A contrasting view was offered by early 20th century English author, editor, translator, and theosophist George Robert Stowe Mead in his book “Gnosticism: Fragments of a Faith Forgotten,” wherein he states, “it is shorter than the present Luke, and some writers of great ability have held that it was the original of Luke’s versions.” (G.R.S. Mead, Gnosticism Fragments of a Faith Forgotten)
One final paradoxical implication of Luke’s gospel, according to the Trinitarian version of it, is that if Jesus was conceived through immaculate conception, and before Joseph is wed to Mary, then, insofar as Joseph is concerned, Jesus is a bastard child and does not carry his adoptive father’s genetic line.

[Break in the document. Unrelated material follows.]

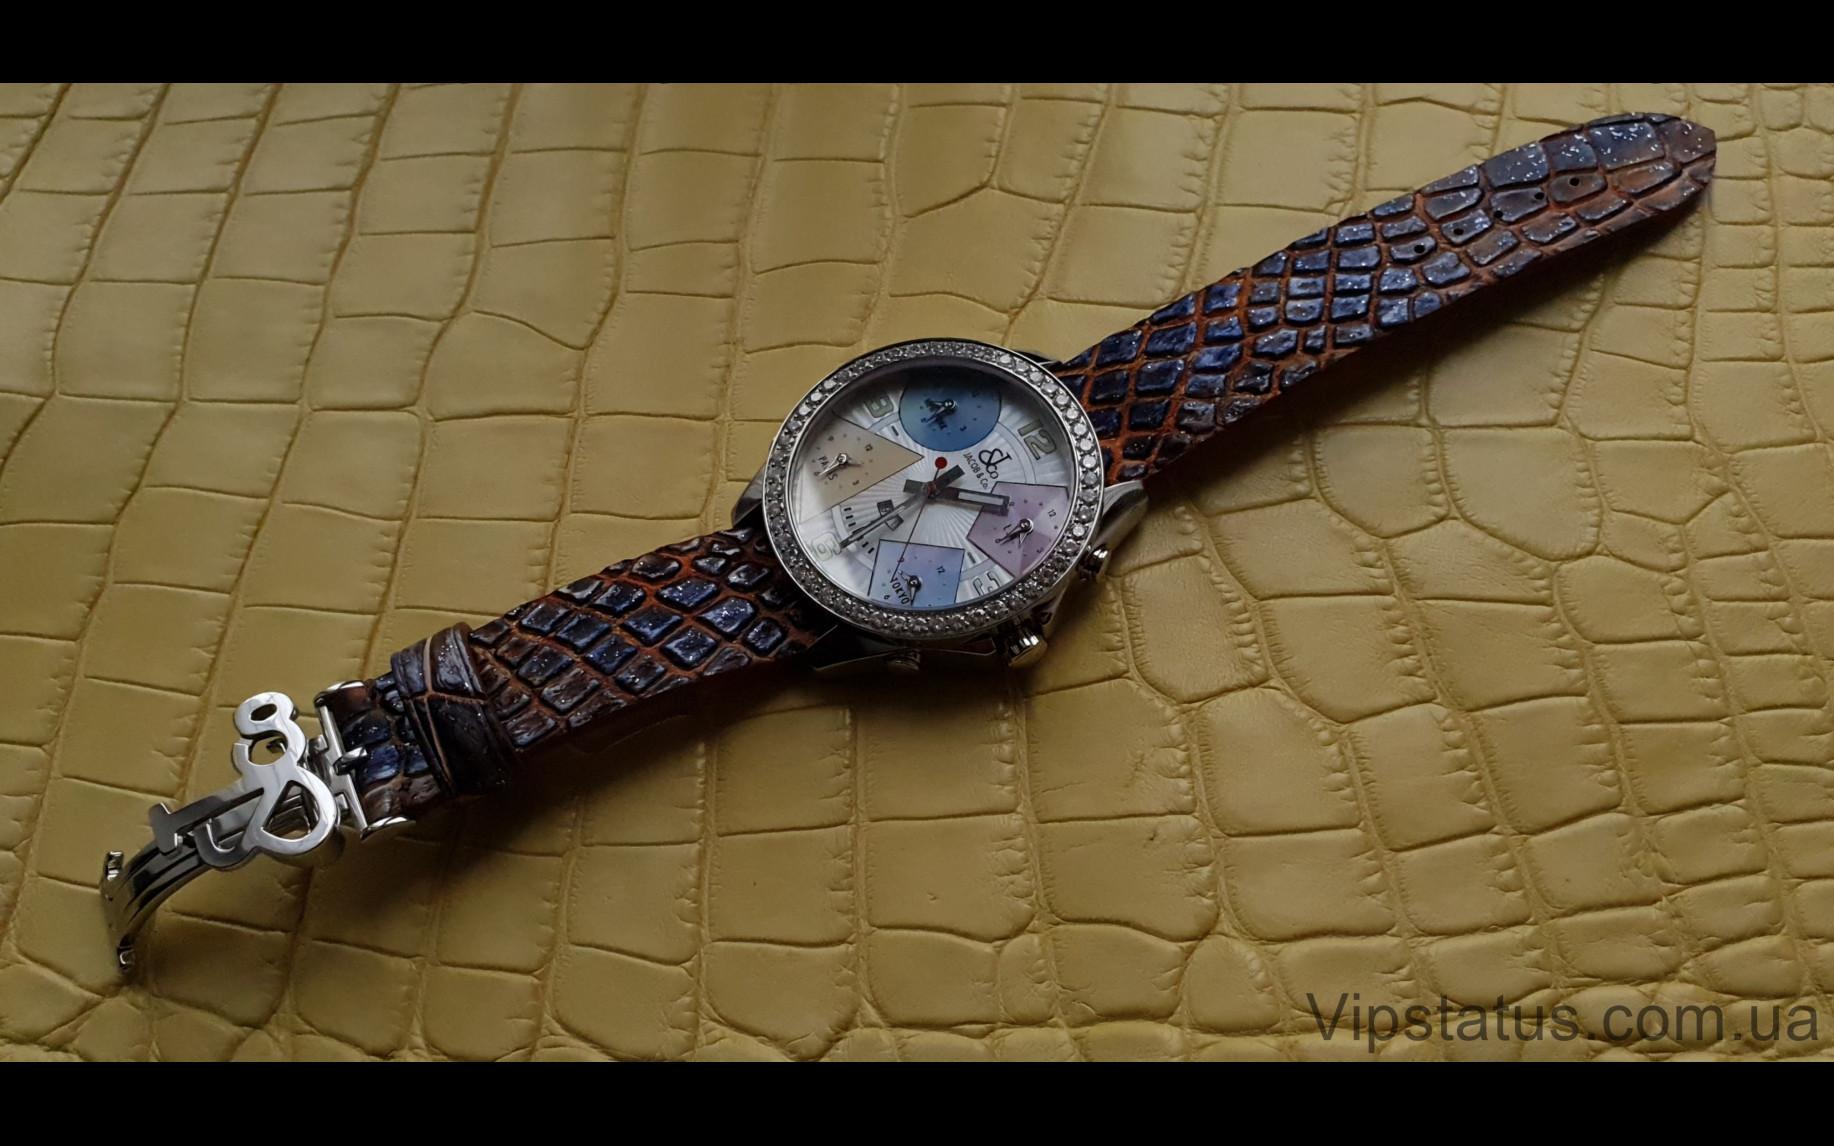 Elite Премиум ремешок для часов Jacob&Co кожа крокодила Premium Crocodile Strap for Jacob&Co watches image 3

Since it is Joseph and not Mary who is a descendant of King David, Jesus is therefore not of Jewish royal lineage and therefore can not possibly be the messianic figure prophesied by Isaiah and Elijah in the Old Testament as stipulated in the gospel of John.
Since that same gospel of John provides the founding and fundamental underpinnings of Trinitarian doctrine, the idea of immaculate conception would seem to undercut the premise of Judeo-Trinitarian conviction altogether. It is a subtle revelation, but nonetheless a contradiction.